If you access a key that appears earlier in the document, the parser wraps around:

```cpp
doc["c"].get<int64_t>();  // Position now after "c"
doc["a"].get<int64_t>();  // Wraps: scans from "c" to end, then start to "a"
```

This still works correctly but is slower than sequential access.

### Reset Parse Position

If you need to re-scan from the beginning:

```cpp
doc.reset_parse_pos();  // Next access starts from beginning
```

## Type Checking

Check the type of a value before extracting:

```cpp
auto& doc = *result;
auto value = doc["field"];

if (value.is_object()) { /* ... */ }
if (value.is_array()) { /* ... */ }
if (value.is_string()) { /* ... */ }
if (value.is_number()) { /* ... */ }
if (value.is_boolean()) { /* ... */ }
if (value.is_null()) { /* ... */ }

// BEVE-specific: check array type
if (value.is_typed_array()) { /* homogeneous elements */ }
if (value.is_generic_array()) { /* heterogeneous elements */ }

// Explicit bool conversion - true if not null/error
if (value) {
    // Value exists and is not null
}
```

## Supported Types for get<T>()

| Type | Description |
|------|-------------|
| `bool` | Boolean values |
| `int32_t`, `int64_t` | Signed integers |
| `uint32_t`, `uint64_t` | Unsigned integers |
| `float`, `double` | Floating-point numbers |
| `std::string` | String value |
| `std::string_view` | String view (zero-copy) |
| `std::nullptr_t` | Null values |

## Error Handling

All operations return values that can be checked for errors:

```cpp
auto result = glz::lazy_beve(buffer);
if (!result) {
    // Parse error
    auto error = result.error();
    std::cout << "Error code: " << static_cast<int>(error.ec) << "\n";
    return;
}

auto& doc = *result;
auto value = doc["missing_key"];

if (value.has_error()) {
    // Key not found or type error
    auto ec = value.error();
    // Handle error...
}

auto num = doc["field"].get<int64_t>();
if (!num) {
    // Extraction failed (wrong type, parse error, etc.)
    auto error = num.error();
    // Handle error...
}
```

## Container Methods

```cpp
auto& doc = *result;
auto arr = doc["items"];

// Check if container is empty
if (arr.empty()) { /* ... */ }

// Get number of elements (O(1) in BEVE - count is stored)
size_t count = arr.size();

// Check if object contains a key
if (doc.root().contains("name")) { /* ... */ }
```

## Size Accessor

Get string lengths or element counts without extracting values - useful for validation:

```cpp
auto result = glz::lazy_beve(buffer);
if (result) {
    // Validate string length before extracting
    if (result->size["username"] > 50) {
        // Username too long - reject without parsing
        return error;
    }

    // Check array size
    if (result->size["items"] == 0) {
        // Empty items array
    }

    // Also works with index access
    size_t first_name_len = result->size[0];  // For arrays
}
```

The `size()` method returns:
- **Strings**: character length
- **Arrays**: element count
- **Objects**: number of keys
- **Primitives**: 0

You can also call `size()` directly on any view:

```cpp
auto username = (*result)["username"];
if (username.size() > 50) {
    // Too long
}
```

## Deserializing into Structs

Use `glz::read_beve()` to deserialize a lazy view directly into a typed struct:

```cpp
struct User {
   std::string name;
   int age;
   bool active;
};

struct Container {
   User user;
   int version;
};

Container original{{"Alice", 30, true}, 1};
std::vector<std::byte> buffer;
glz::write_beve(original, buffer);

auto result = glz::lazy_beve(buffer);
if (result) {
    // Navigate lazily to "user", then deserialize into struct
    User user{};
    auto ec = glz::read_beve(user, (*result)["user"]);

    // user.name == "Alice", user.age == 30, user.active == true
}
```

This works because Glaze provides a `read_beve` overload that accepts `lazy_beve_view` directly.
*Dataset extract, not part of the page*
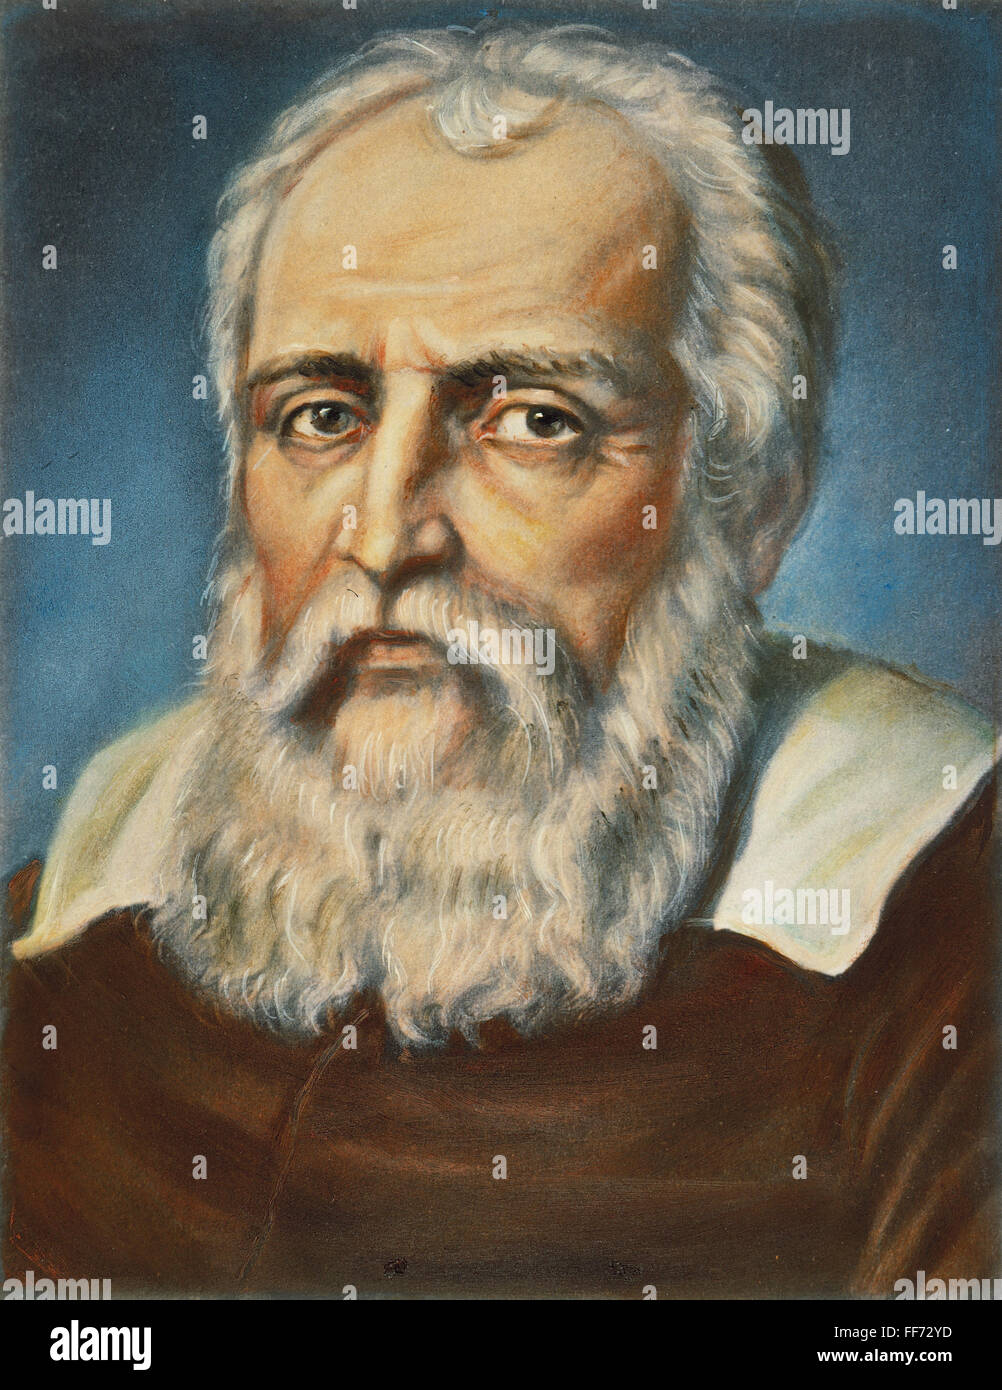 GALILEO GALILEI (1564-1642). /NItalian astronomo matematico e fisico. Ritratto da un artista sconosciuto. Foto Stock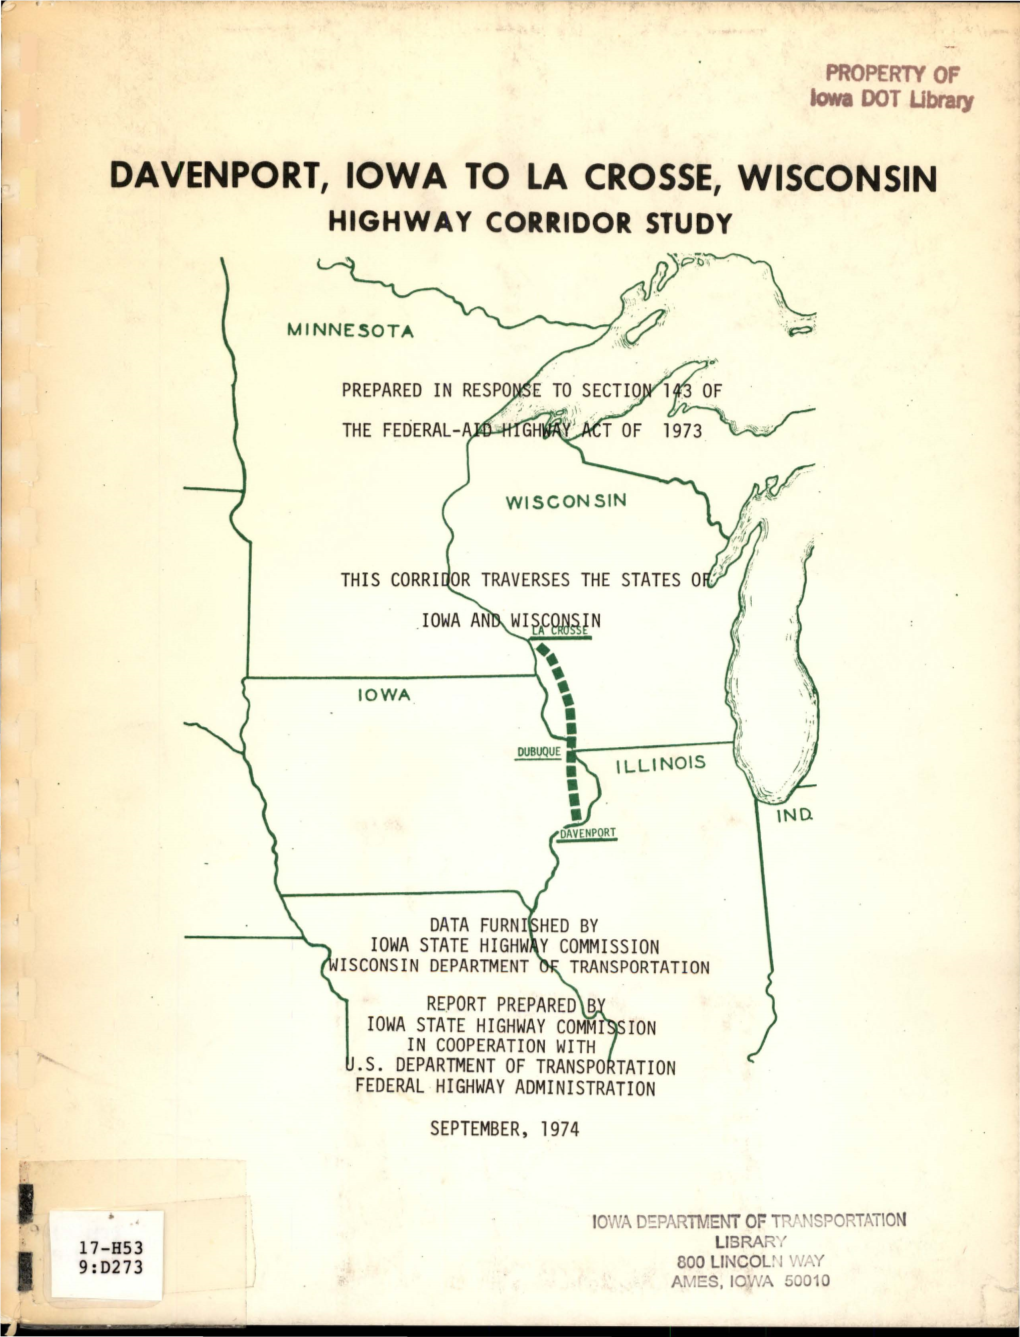 Davenport, Iowa to La Crosse, Wisconsin: Highway Corridor Study

The lazy navigation skips other fields entirely, and deserialization is single-pass.

### Why Use This Pattern?

This hybrid approach gives you the best of both worlds:

1. **Lazy navigation**: Skip large sections of BEVE you don't need
2. **Fast deserialization**: Use Glaze's optimized struct parsing for the parts you do need
3. **Type safety**: Get compile-time checked structs instead of runtime field access

### Deserializing Array Elements

Combine with indexed views for efficient random access deserialization:

```cpp
struct Person {
   std::string name;
   Address address;
};

struct Container {
   std::vector<Person> people;
};

Container original{{{"Alice", {...}}, {"Bob", {...}}, ...}};
std::vector<std::byte> buffer;
glz::write_beve(original, buffer);

auto result = glz::lazy_beve(buffer);
if (result) {
    // Build index for O(1) random access
    auto people = (*result)["people"].index();

    // Deserialize only the 500th person
    Person person{};
    glz::read_beve(person, people[500]);
}
```

### Alternative: `read_into()` Member Function

If you prefer member function syntax, use `read_into()`:

```cpp
User user{};
(*result)["user"].read_into(user);  // Equivalent to glz::read_beve(user, view)
```

### The `raw_beve()` Method

Returns a `std::string_view` of the raw BEVE bytes for any lazy view. Use this when you need the binary data itself (for forwarding, storage, or separate parsing):

```cpp
auto result = glz::lazy_beve(buffer);

// Get raw BEVE for different values
auto root_bytes = result->root().raw_beve();
auto user_bytes = (*result)["user"].raw_beve();
```

> **Note**: For deserialization, use `glz::read_beve(value, view)` instead of `glz::read_beve(value, view.raw_beve())` for better performance.

## Best Practices

1. **Access keys in document order**: This is the most important optimization. Sequential access gives O(n) total complexity.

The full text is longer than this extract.